FDA staff has expressed concerns that denosumab, the investigational biologic drug for osteoporosis, may increase risk of serious infections through its activity against an important immune system modulator.

The agency believes the drug -- provisionally trade-named Prolia -- could delay fracture healing as well. Some evidence suggests it could also promote tumor development and progression.

The concerns were revealed in briefing documents released in advance of a Thursday meeting of the agency's Advisory Committee for Reproductive Health Drugs, which will consider whether to recommend denosumab for approval.

Denosumab is a monoclonal antibody to RANKL, the receptor activator of nuclear factor-?B ligand. The molecule appears to help drive osteoclast development and activation, as well as playing a vital role in the body's defenses against infection.
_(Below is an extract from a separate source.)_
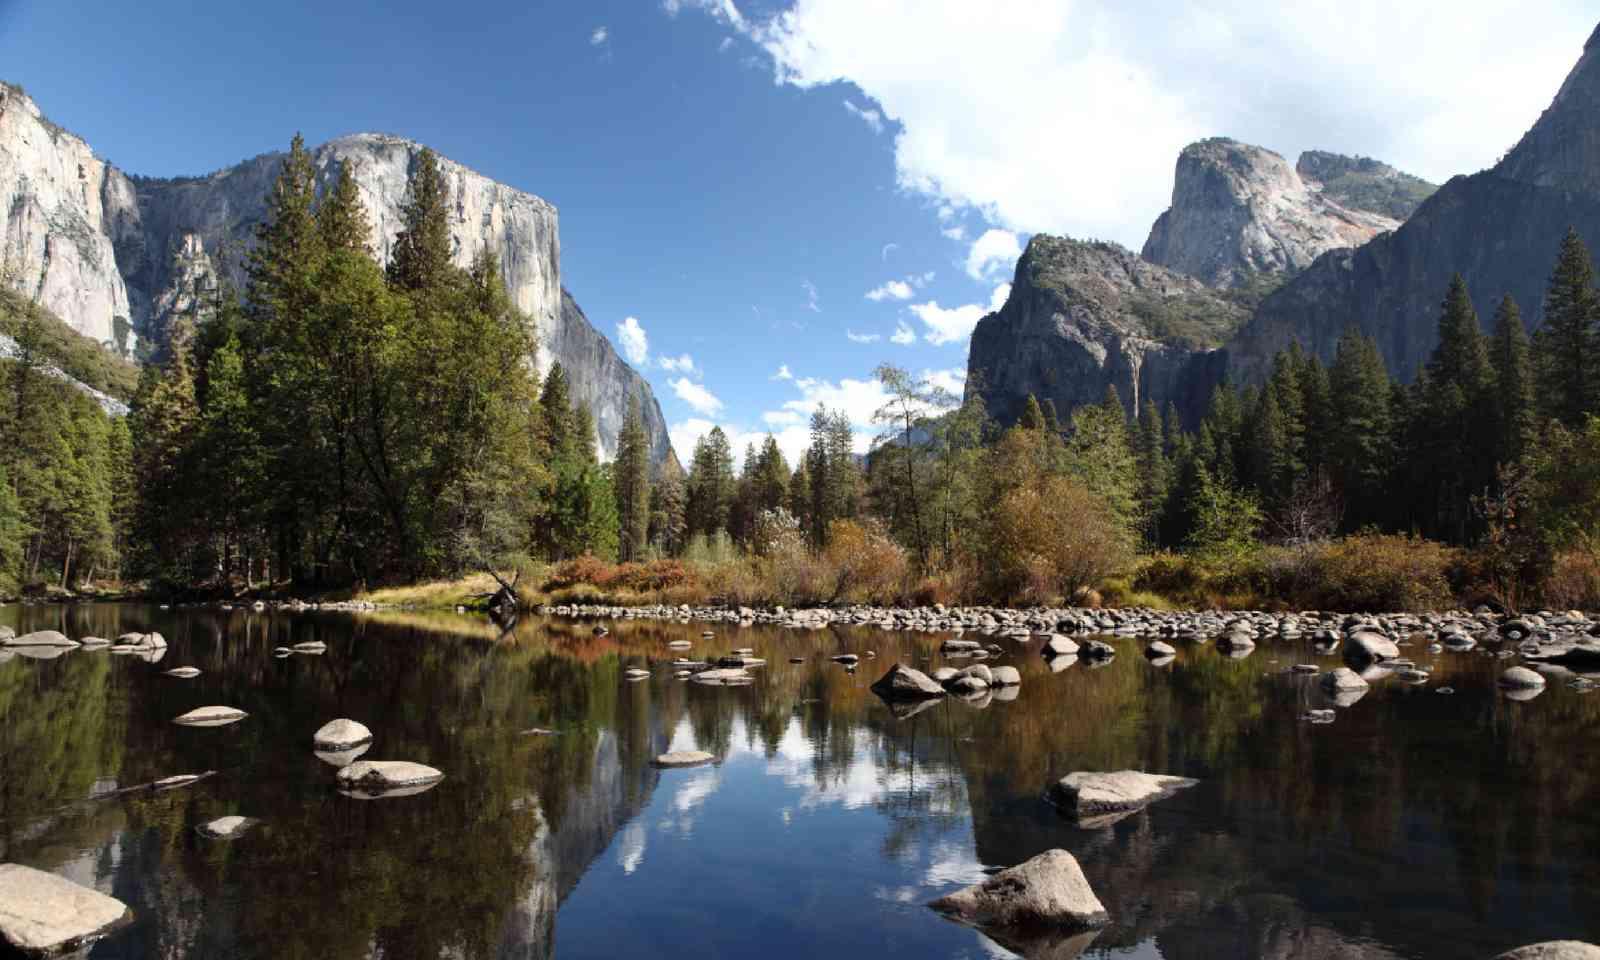 Merced River reflection (Shutterstock)

If NF-?B is the immune system's "master switch," as it has been called -- controlling B- and T-cell differentiation and dendritic cell development -- then RANKL is the finger that flips the switch.
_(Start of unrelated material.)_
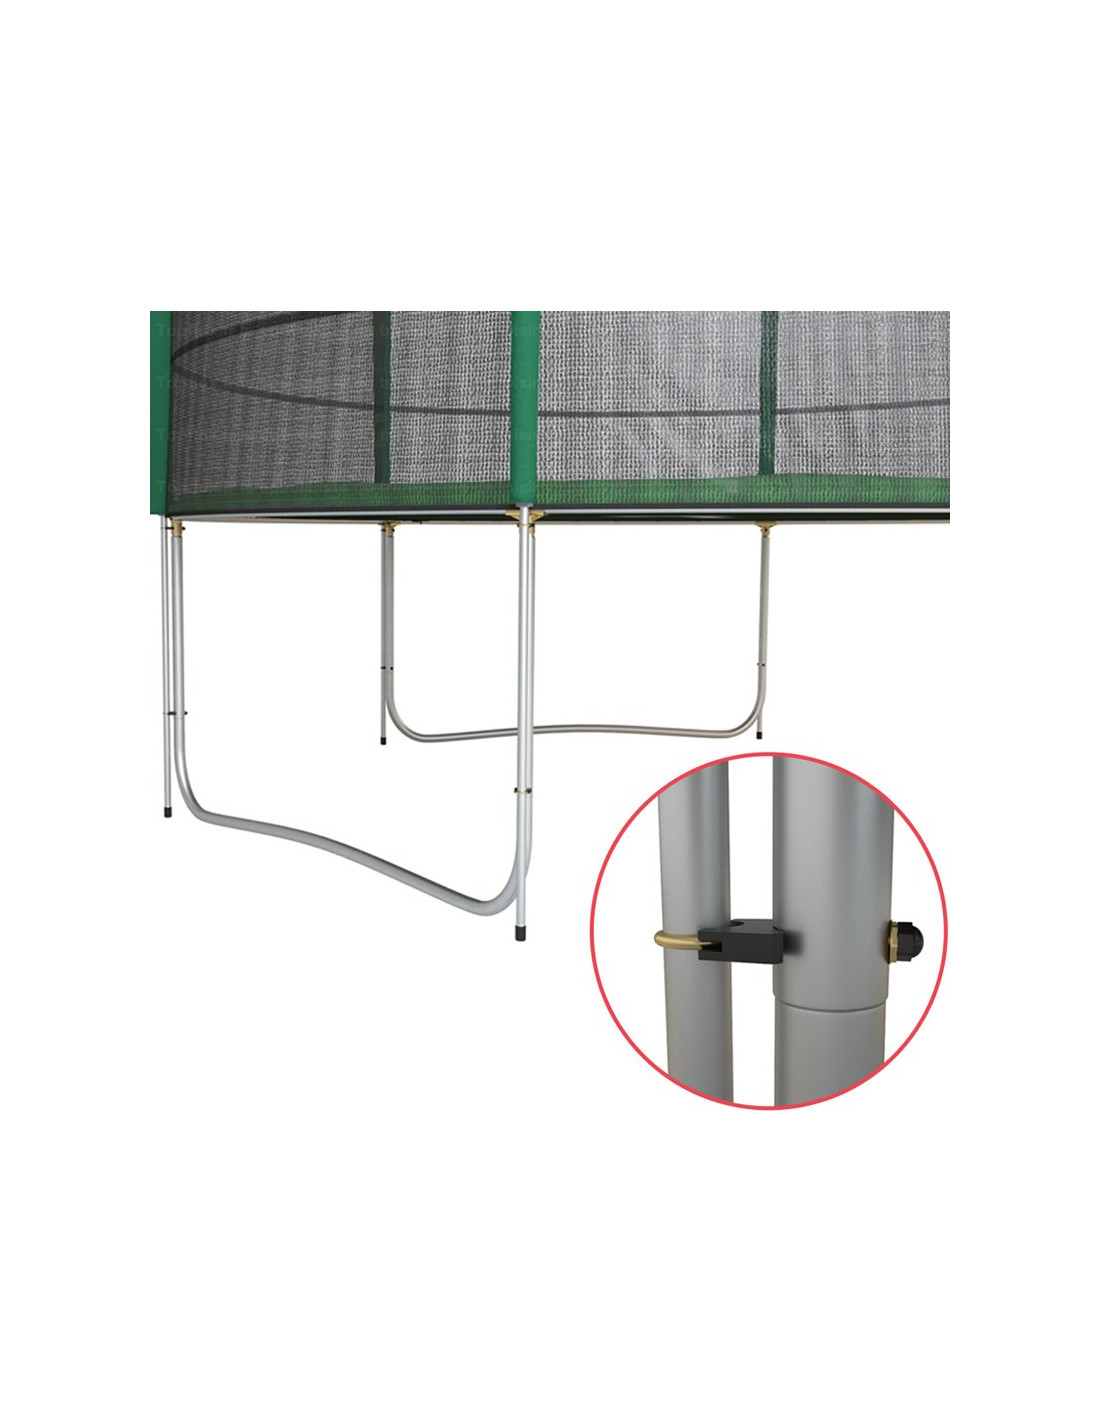 trampoline 430 cm pas cher trampoline de bonne qualit. Black Bedroom Furniture Sets. Home Design Ideas

The drug's manufacturer, Amgen, filed last December for FDA approval of denosumab for preventing and treating osteoporosis in postmenopausal women, in women undergoing hormone ablation for breast cancer, and in men on androgen-deprivation therapy for prostate cancer.

Just this week, two of the registration trials for denosumab were published by the New England Journal of Medicine as early online releases. Those randomized, placebo-controlled studies showed that the drug was as effective as the best bisphosphonate drugs for osteoporosis.

The studies included more than 7,800 postmenopausal women with osteoporosis and close to 1,500 men with prostate cancer.

They also reported no indications of increased rates of serious infections, cancers, or most other serious adverse events, except for an increased incidence of eczema. (See Denosumab a Winner in Phase III Osteoporosis Trials)

The drug also boasts an extremely convenient dosing regimen -- subcutaneous injection every six months. Many clinicians believe this is a big advantage for denosumab, considering that compliance with daily oral medications for osteoporosis is notoriously poor.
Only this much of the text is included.